My solution was to (try to) crawl all links on the site (to pages on the site) and feed all the URLs to a browser for rendering and generating a PDF.
This is a rough overview of what it took.

Crawling the site, finding links

Go seems an interesting language and as it seems the Cooly package was suited to help do the job – and actually does most of the work, and the script needed (which found 500+ pages on the site I crawled) looks something like this (in Go – 1.8):

package main
 
import (
    "fmt"
    "os"
    "github.com/gocolly/colly"
)
 
func main() {
    // Instantiate default collector
    website := os.Args[1]
 
    c := colly.NewCollector(
        colly.AllowedDomains(website),
    )
 
    // On every a element which has href attribute call callback
    c.OnHTML("a[href]", func(e *colly.HTMLElement) {
        link := e.Attr("href")
        c.Visit(e.Request.AbsoluteURL(link))
    })
 
    c.OnRequest(func(r *colly.Request) {
        fmt.Println(r.URL.String())
    })
    c.Visit("https://" + website)
}

It assumes the site is running HTTPS and takes the domain name (a FQDN) as the first and only parameter and should be piped into a file, which will have the complete list of all URLs (one URL on every line). Run the script without piping to a file to see the output on STDOUT and validate it seems to work as expected.

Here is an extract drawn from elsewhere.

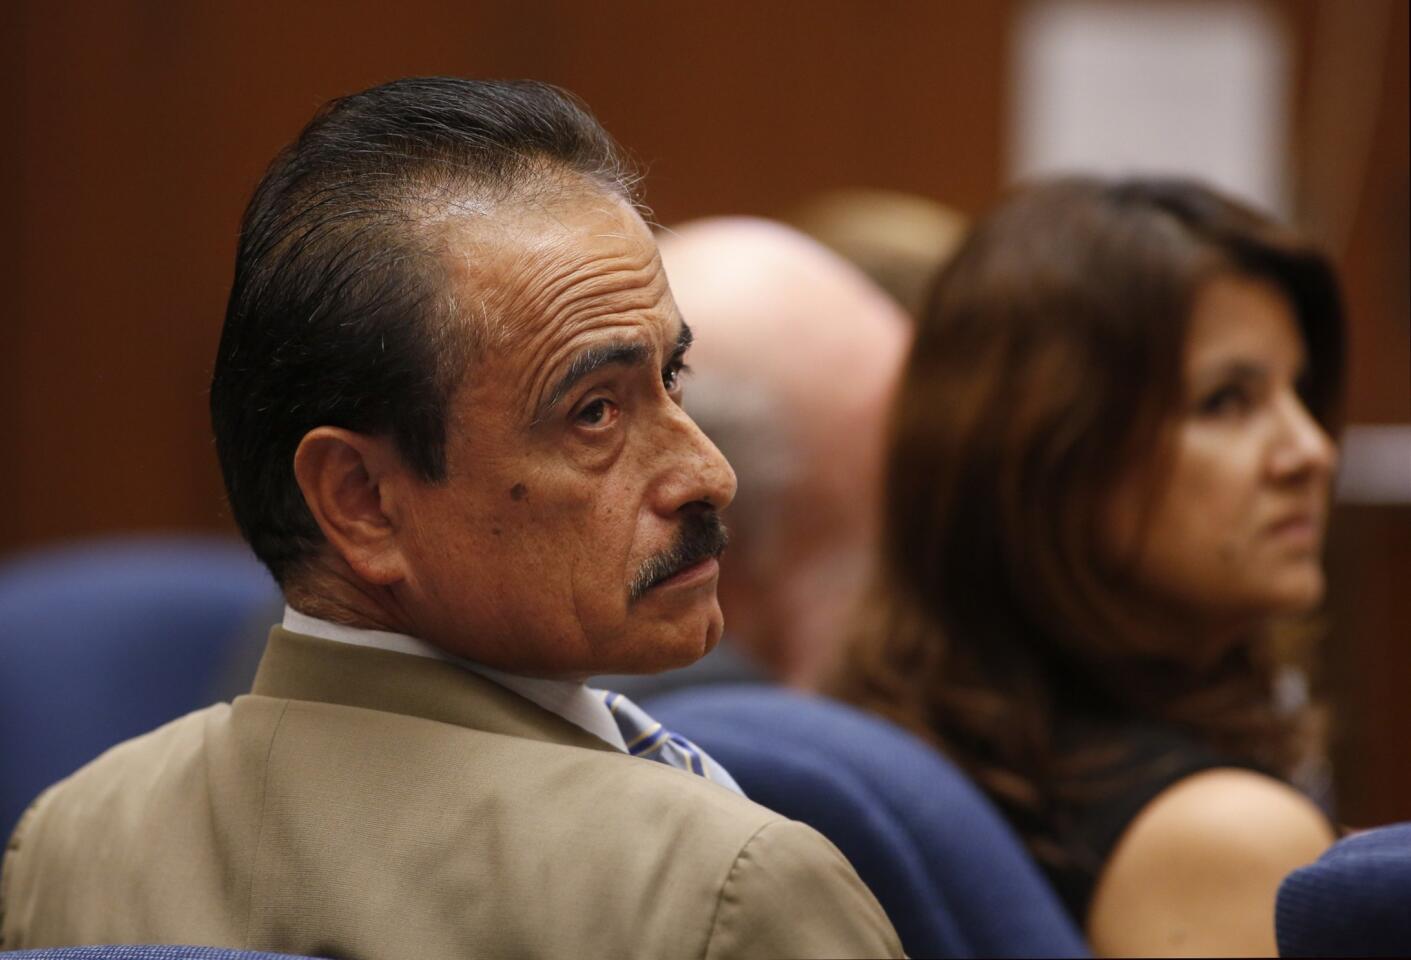 Richard Alarcon, left, and his wife, Flora Montes de Oca Alarcon, at the couple's perjury trial in downtown L.A. on July 8.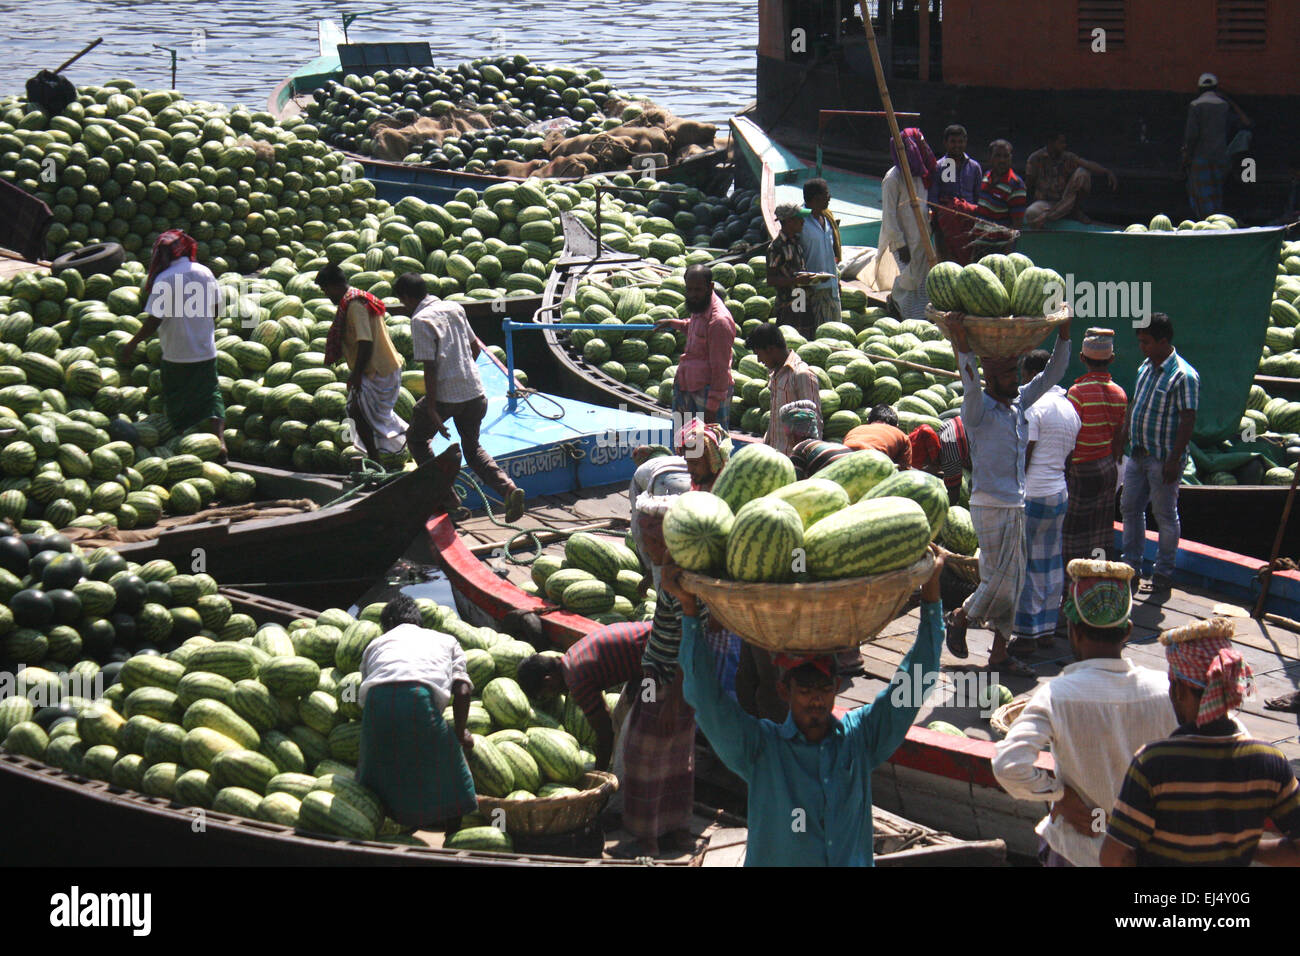 Workers unload watermelons from the boats at Sadarghat for selling in Dhaka, Bangladesh. March 21, 2015 Bumper production of watermelon in Bangladesh this season. Experts have said that the good quality watermelons were a bumper harvest this year owing to favoring weather and improved farming in Bangladesh. Stock Photo

Printing a PDF from each URL on the site

Next step is to generate a PDF from a URL. There are a few different options to do this. My main criteria were to find something which could work as part of a batch job as I had hundreds of URLs to visit and “PDF’ify”. Google Chrome supports doing the job – like this (from the shell):

	google-chrome --headless --disable-gpu --print-to-pdf=output.pdf https://google.com/

This line should generate a PDF file called output.pdf of the Google.com front page.

Putting it all together

So with the above to pieces in place, the rest is just about automating the job which a small batch job was put together todo:

#!/bin/bash
go1.8 run crawler.go example.com > example.com.txt
 
for url in $(cat example.com.txt); do
	filename=${url//\//_}
	filename=${filename/\?//_}
	filename=${filename//:/_}
	filename=${filename//\//_}
	google-chrome --headless --disable-gpu --print-to-pdf=$filename.pdf $url
done

This is a rought job. The filenames of the generated PDF files are based on the original URL, but not pretty and could probably be much nicer with a little tinkering, but with a few hours playing around, I had a passable copy of the hundres of pages on the website as individual PDFs.